Problem: With the pictures set aside, write out all of the data exactly as it stands.

Data below:
________________________

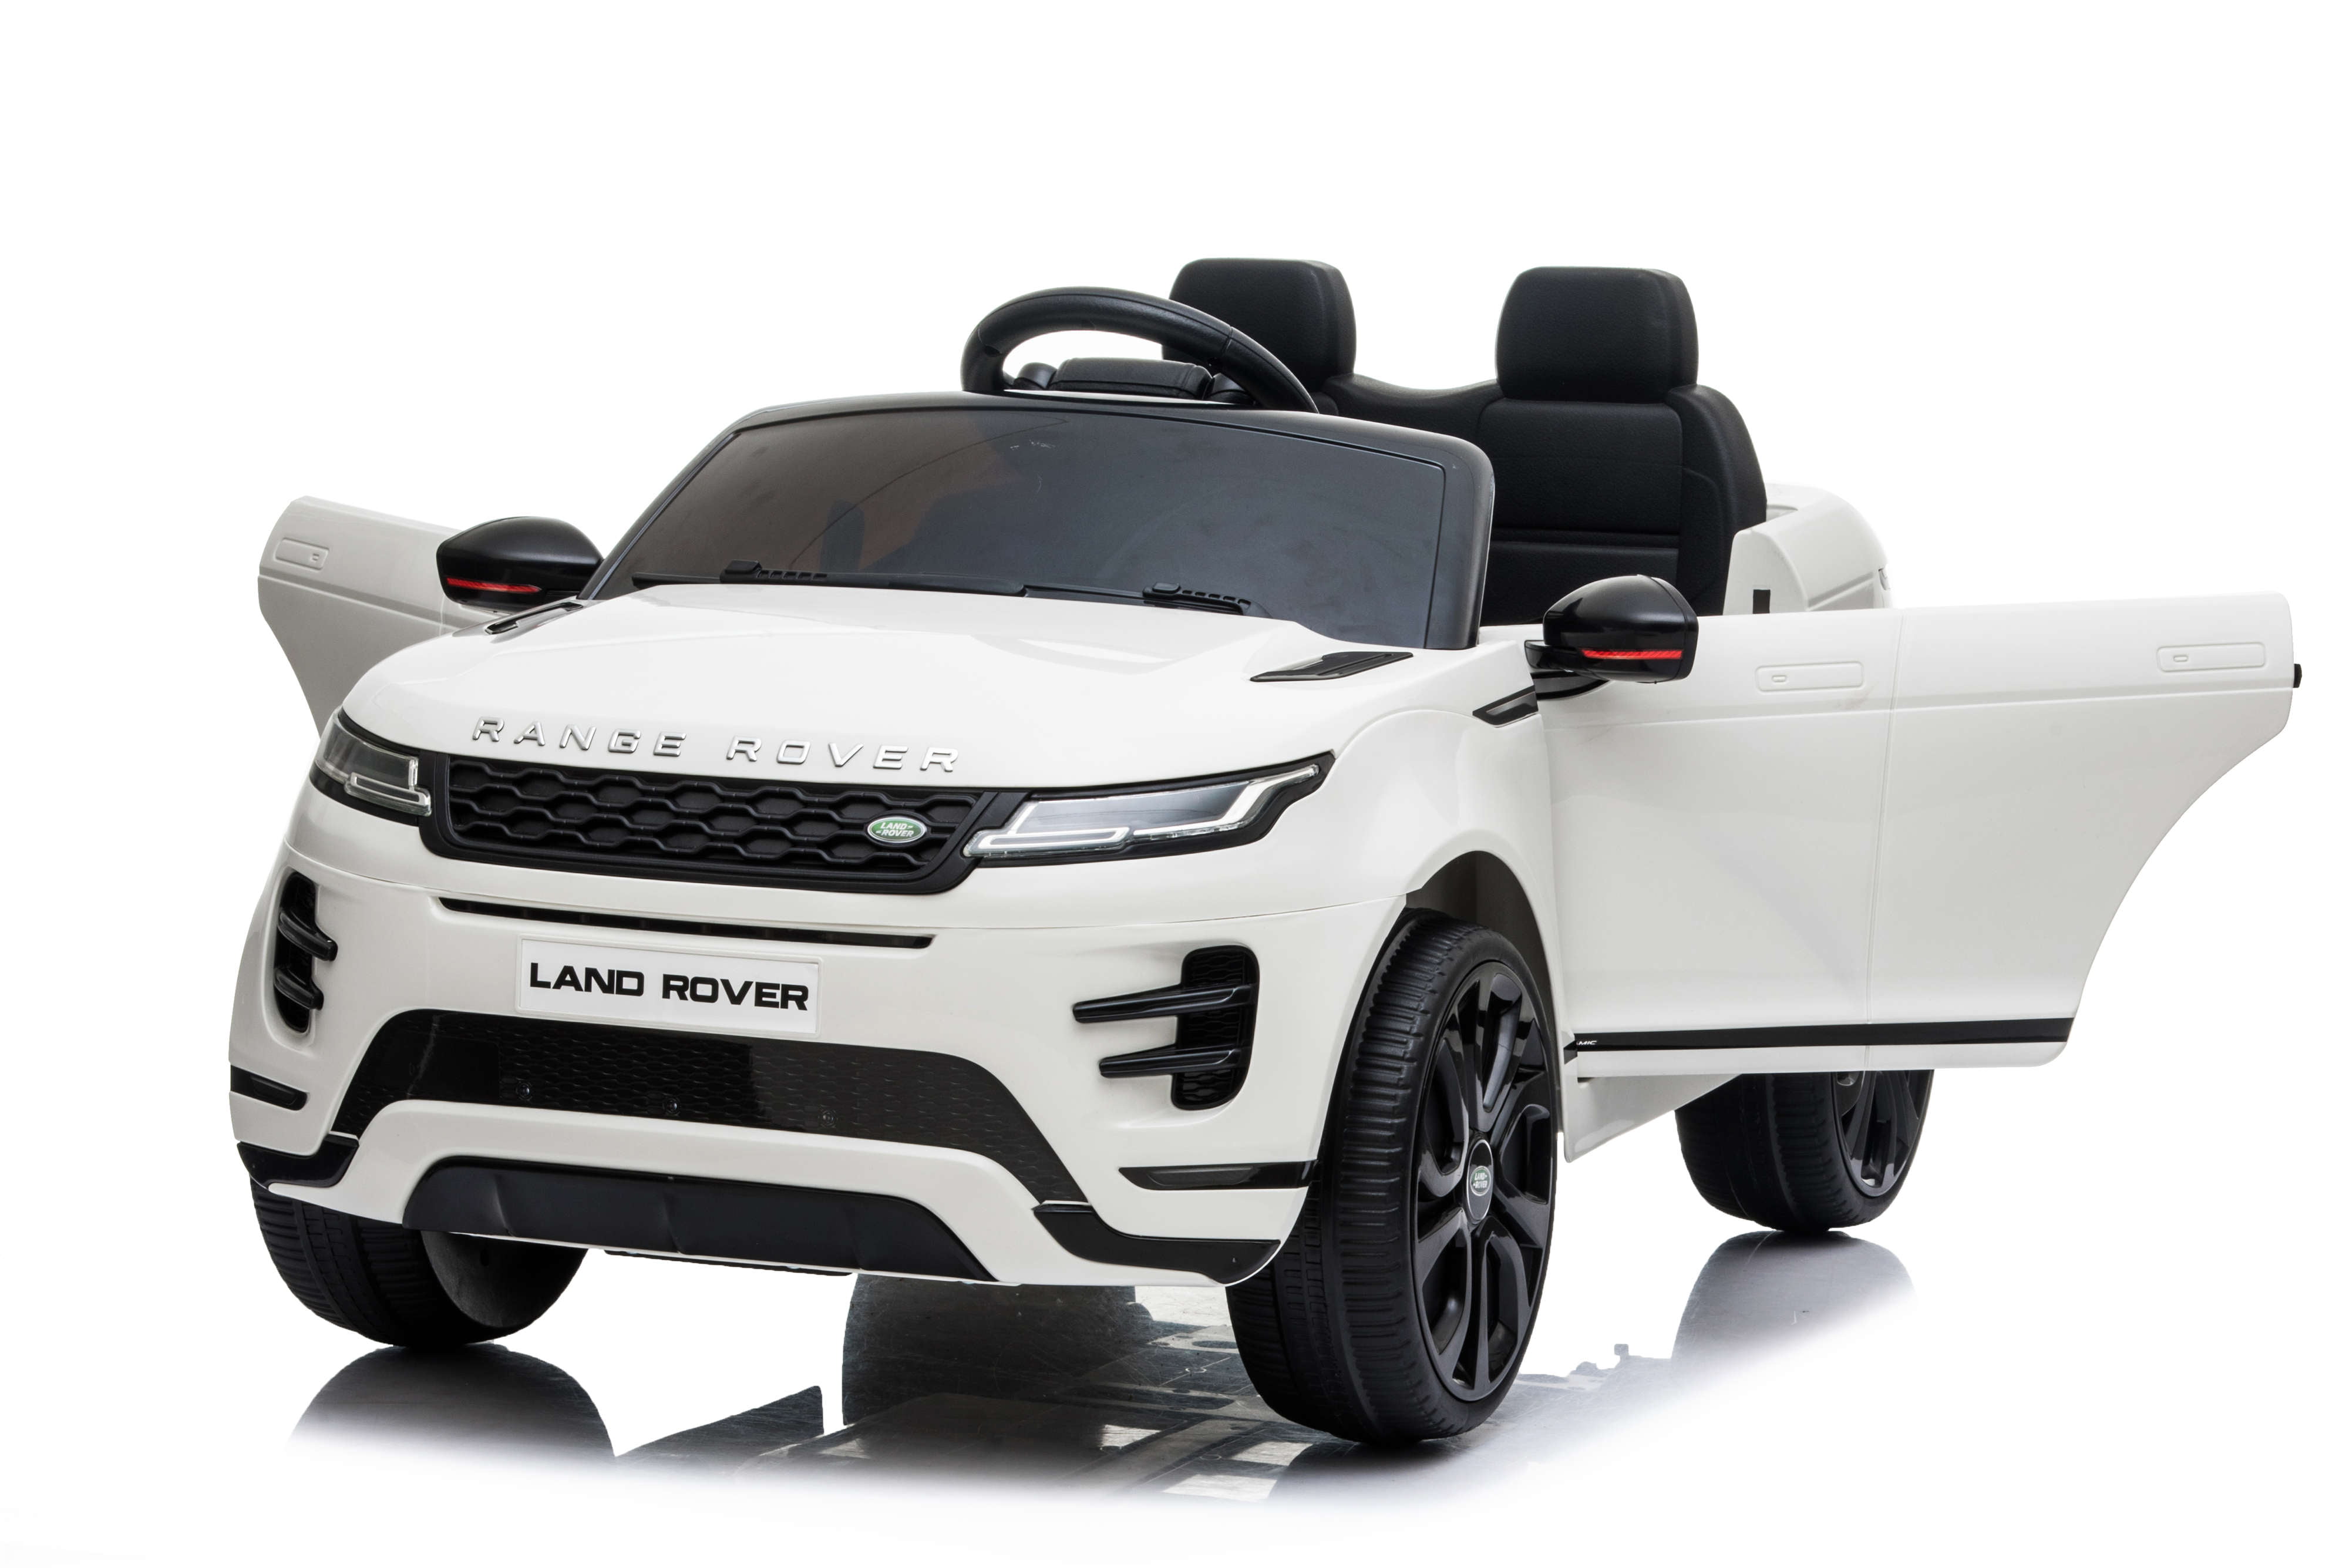 New Range Rover Evoque in Black or White
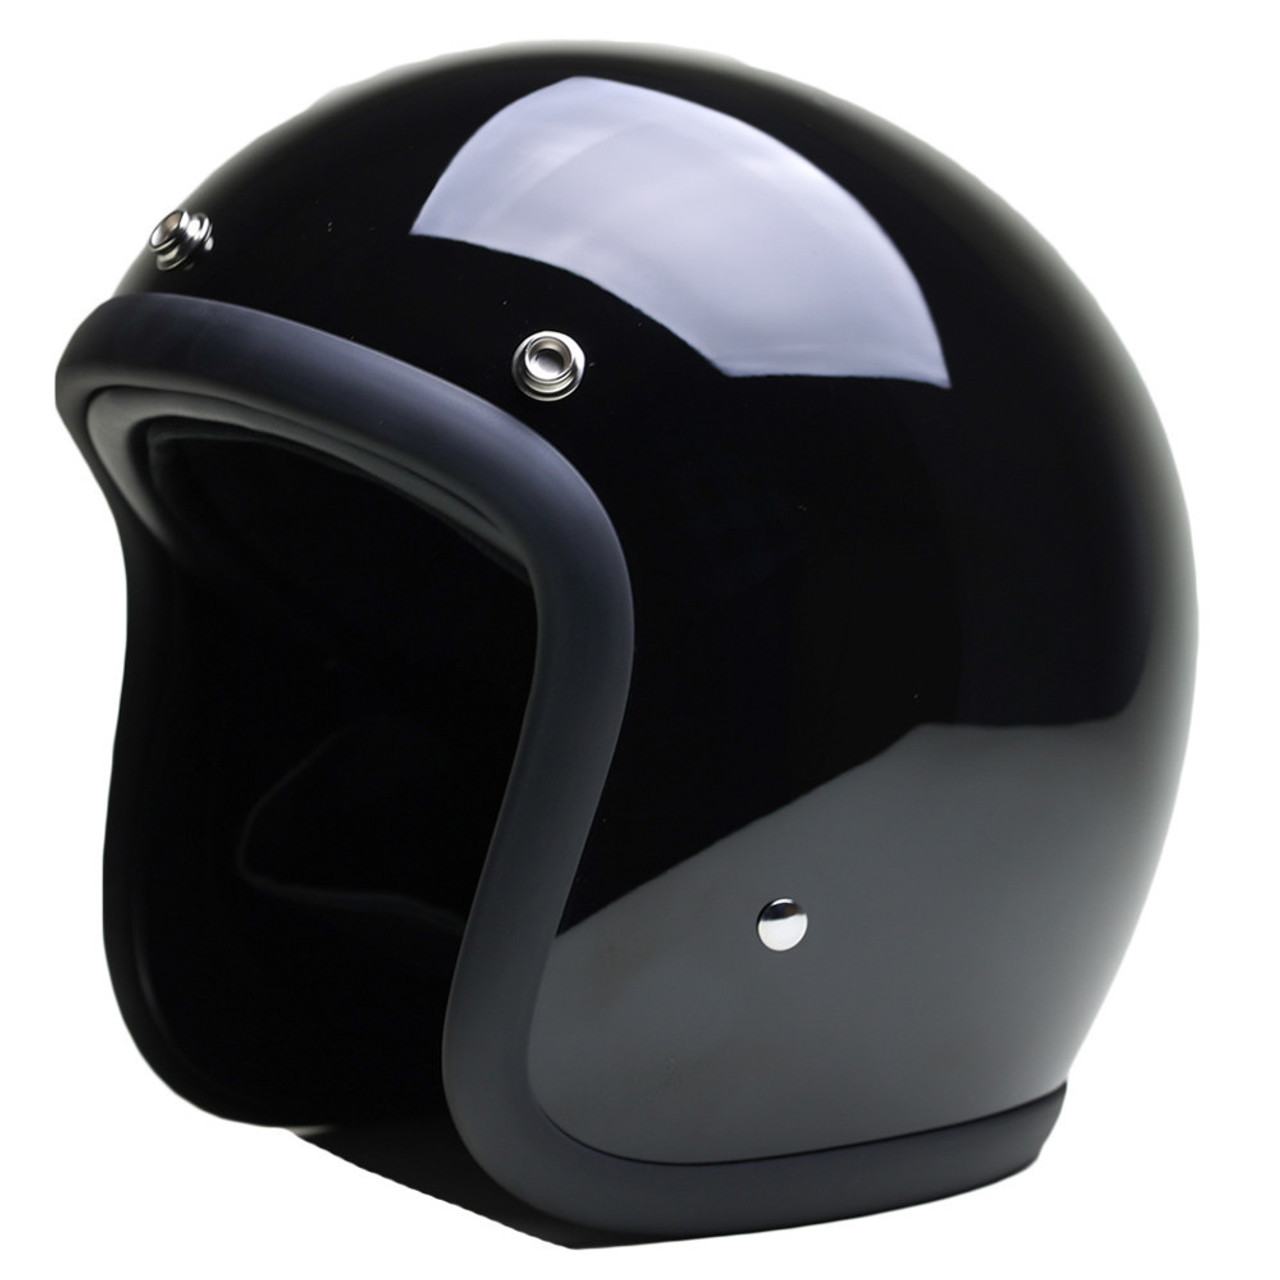 Mini Motorcycle Helmets Keychain Cute Safety Helmet Accessories
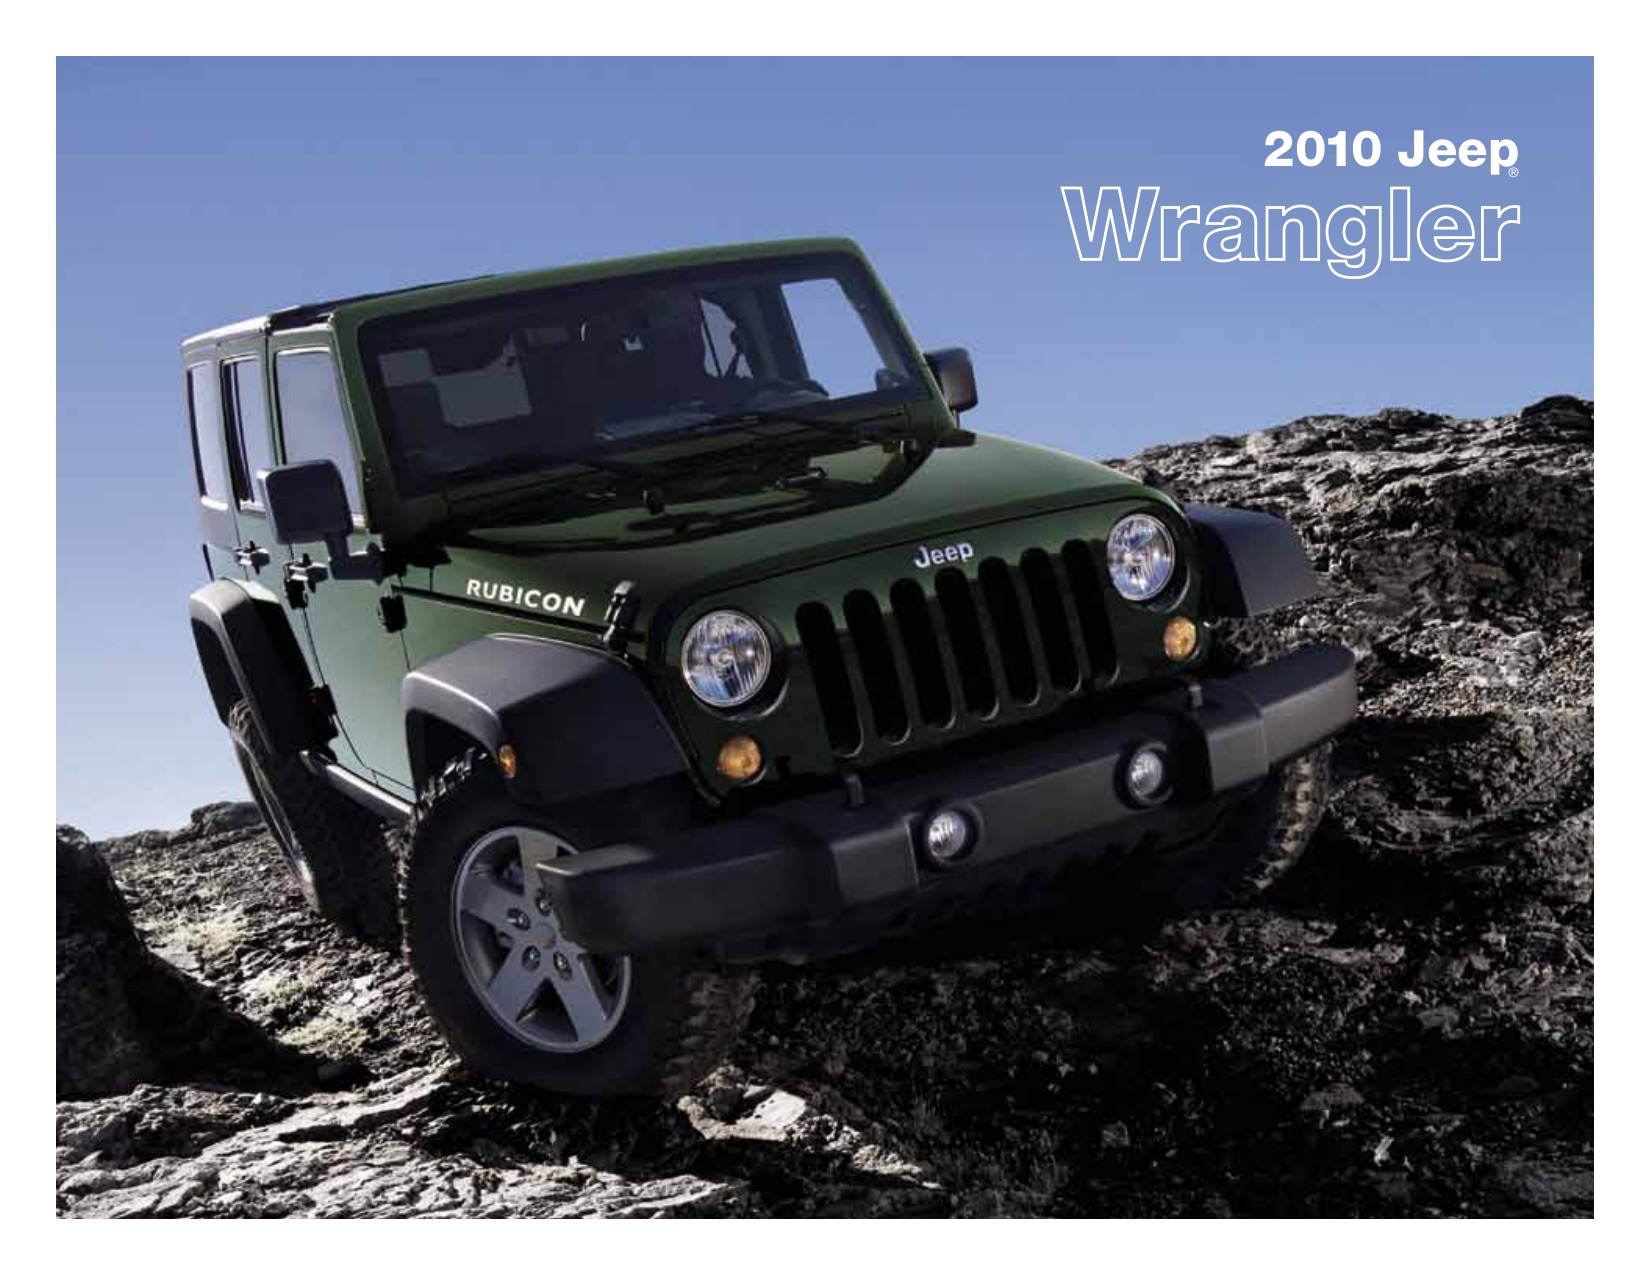 2010 Jeep Wrangler Brochure
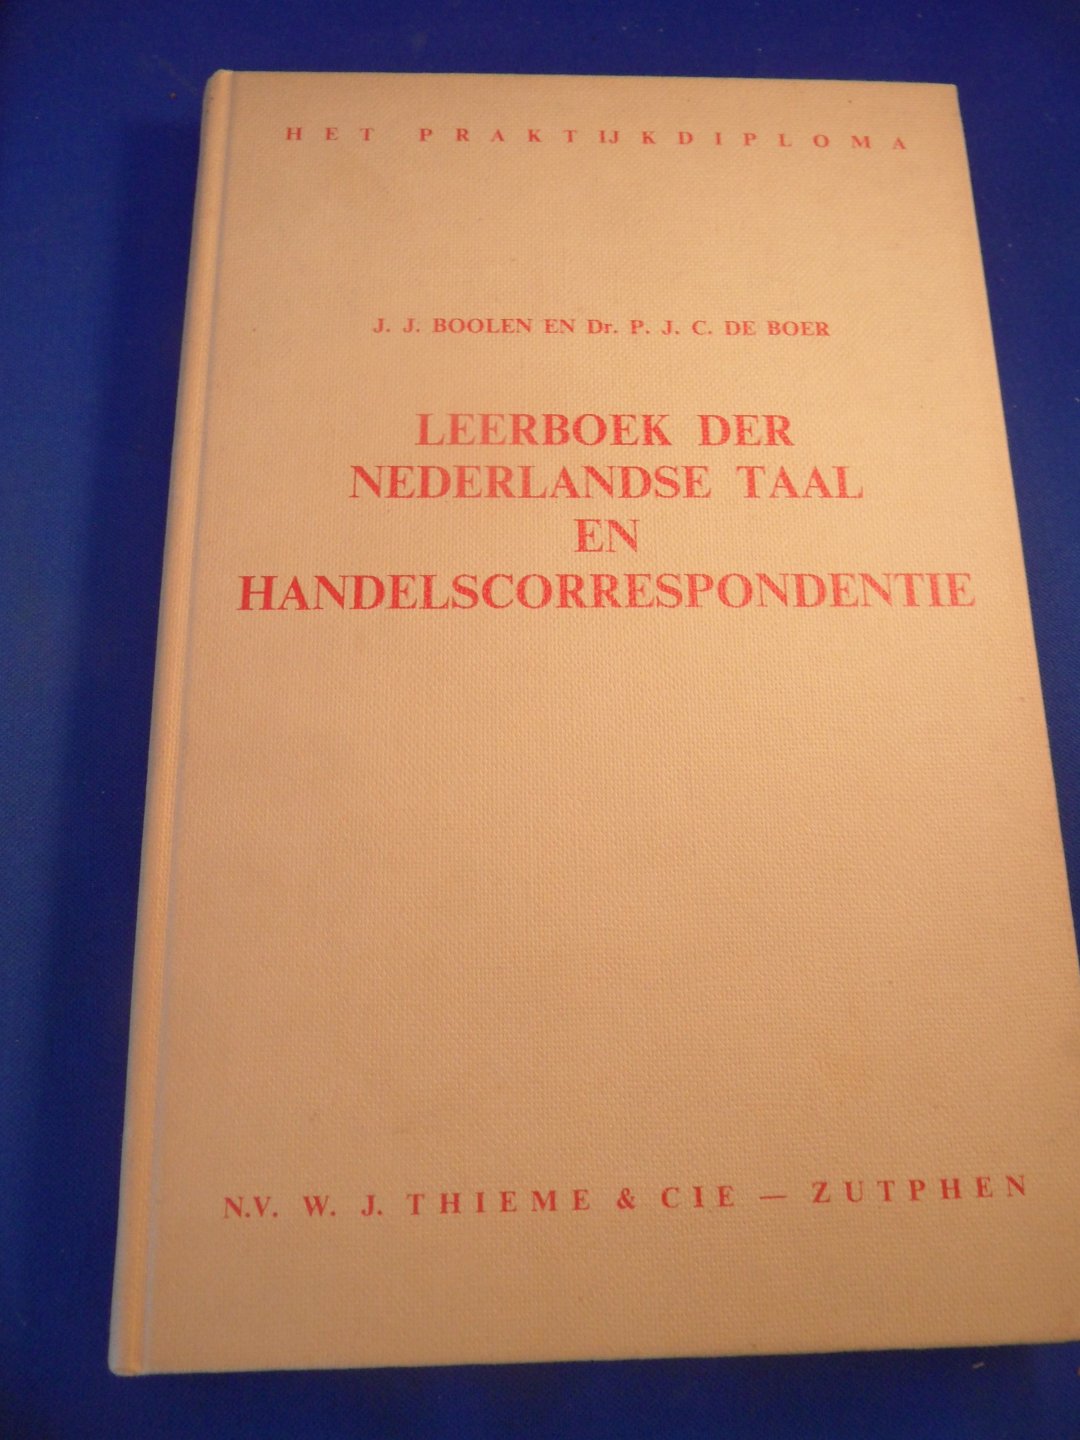 Boolen, J.J. en Boer, dr. P.J.C. - Leerboek der Nederlandse taal en handelscorrespondentie

________________________

Solution for this task:
 New Range Rover Evoque in Black or White
 Mini Motorcycle Helmets Keychain Cute Safety Helmet Accessories
 2010 Jeep Wrangler Brochure
 Boolen, J.J. en Boer, dr. P.J.C. - Leerboek der Nederlandse taal en handelscorrespondentie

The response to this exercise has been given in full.